URGENT/11 Vulnerabilities: Taking ActionResearcher Ben Seri of Armis Describes the Risks and Mitigation Action Items
Healthcare organizations can take steps to start mitigating risks while waiting for vendors to issue software patches to address URGENT/11 IPnet vulnerabilities in medical devices, says researcher Ben Seri of the security firm Armis, which identified the flaws.
The problems exist in IPnet, a third-party software component that supports network communications and is embedded into a variety of legacy medical and industrial devices that are still in use today, despite the software, in many cases, being no longer supported by the original vendors (see FDA Issues Alert on Medical Device IPnet Vulnerabilities).
The collection of URGENT/11 vulnerabilities was first identified by Armis researchers in July as affecting some versions of the real-time operating system VxWorks by Wind River.
But on Oct. 1, the FDA issued its alert, and the DHS updated an earlier advisory after Armis researchers identified six additional real-time operating systems supporting the IPnet TCP/IP stack that are also potentially impacted by the URGENT/11 vulnerabilities.
Exploitation of the vulnerabilities could lead to remote code execution and allow an attacker to take over a whole device without interacting with the user, posing potential harm to patients if a medical device subsequently malfunctions.
"It will take time until patches are available in a wide manner," Seri says in an interview with Information Security Media Group. "You might have a device that's running all sorts of code and you don't have visibility into what it's running or [have] a security agent."
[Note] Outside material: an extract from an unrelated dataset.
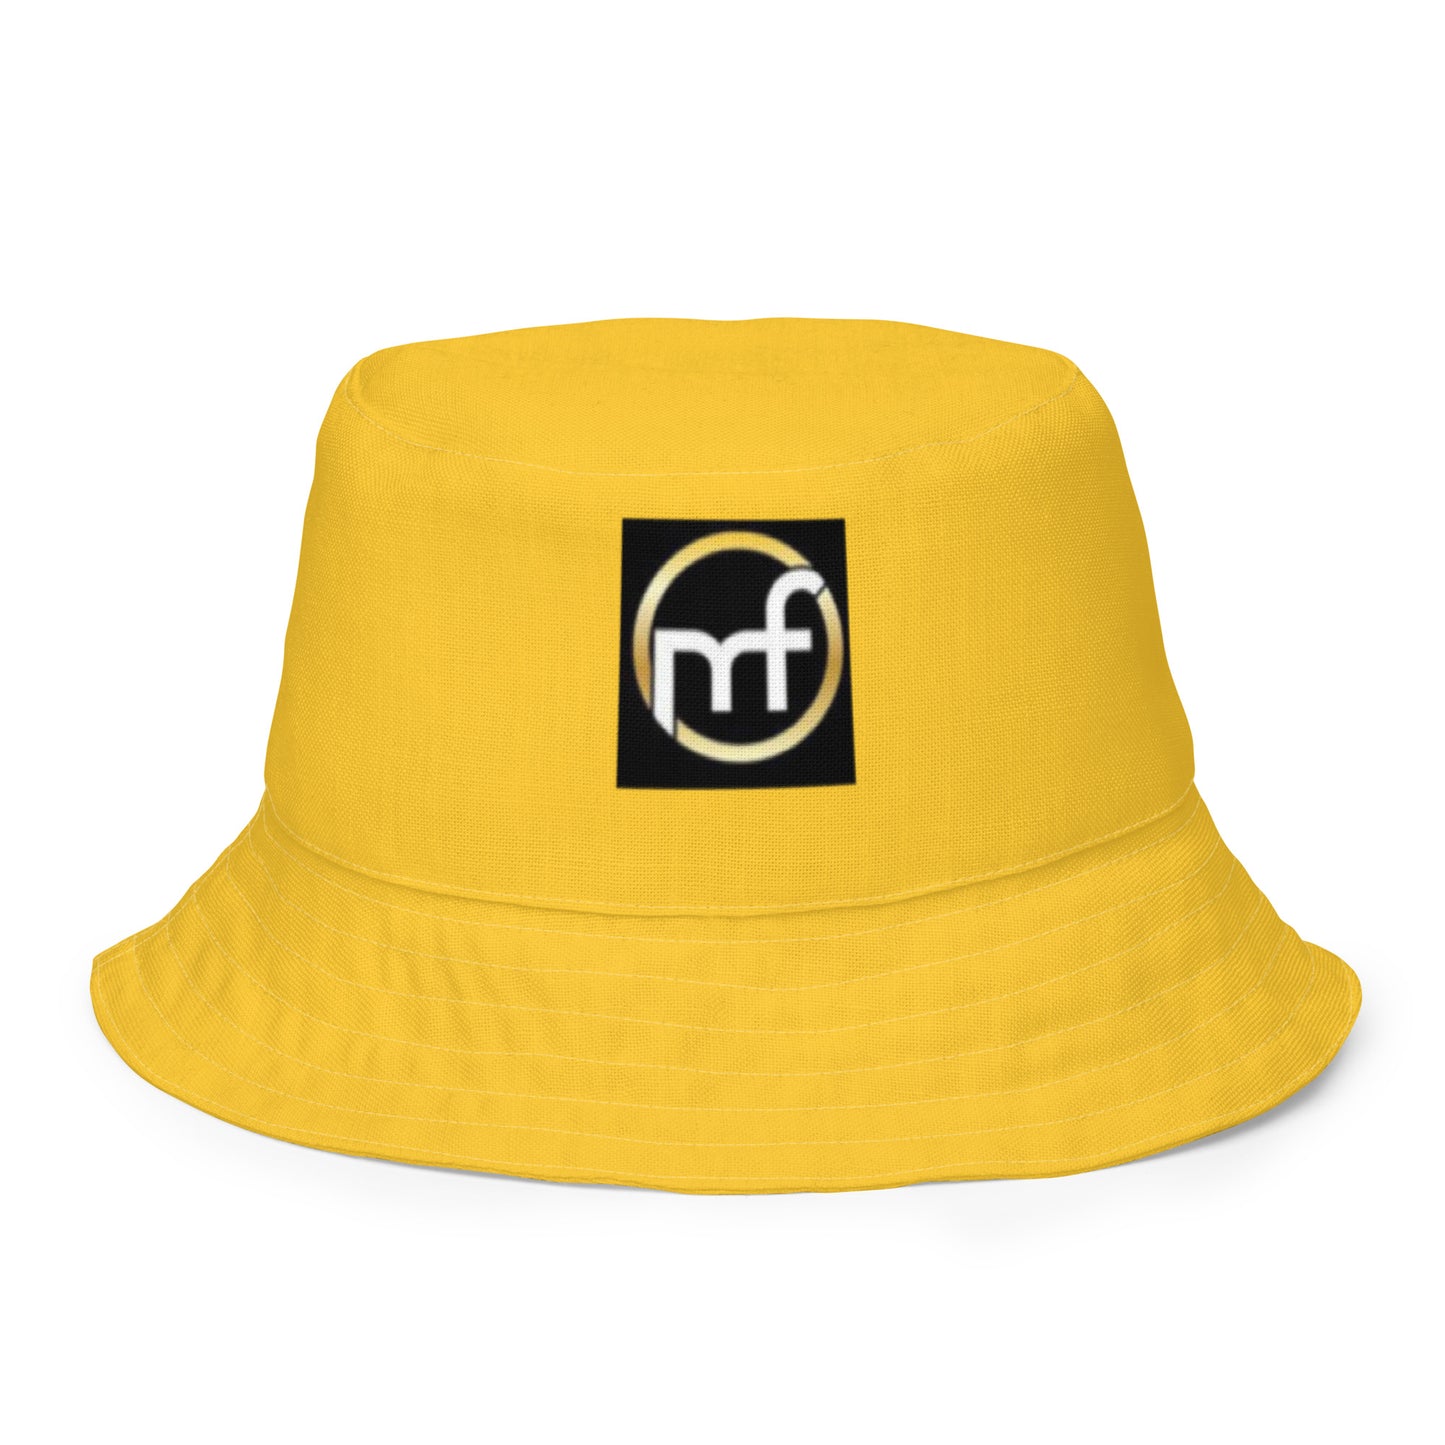 YCSWU bucket hat - yellow

While awaiting patches from vendors, Seri says, "what we think is the best solution for medical devices and any [other affected] devices is ... traffic analysis that will monitor any use of these devices," helping to identify which devices are running any of the real-time operating systems impacted by the URGENT/11 vulnerabilities, he says.
Also, behavioral analysis can help determine "whether a device is acting as it usually acts or is doing something it is not meant to be doing," he adds.
In the interview (see audio link below photo), Seri also discusses:
- The potentially serious risks posed to medical devices and other products containing the URGENT/11 vulnerabilities;
- Why so many devices are potentially impacted by the vulnerabilities;
- Why healthcare organizations worldwide need to be prepared to mitigate the risks.
As head of research at security firm Armis, Seri is responsible for vulnerability research and reverse engineering. His main interest is exploring the uncharted territories of a variety of wireless protocols to detect unknown anomalies. Previously, Seri spent almost a decade in Israel's IDF Intelligence as a researcher and security engineer.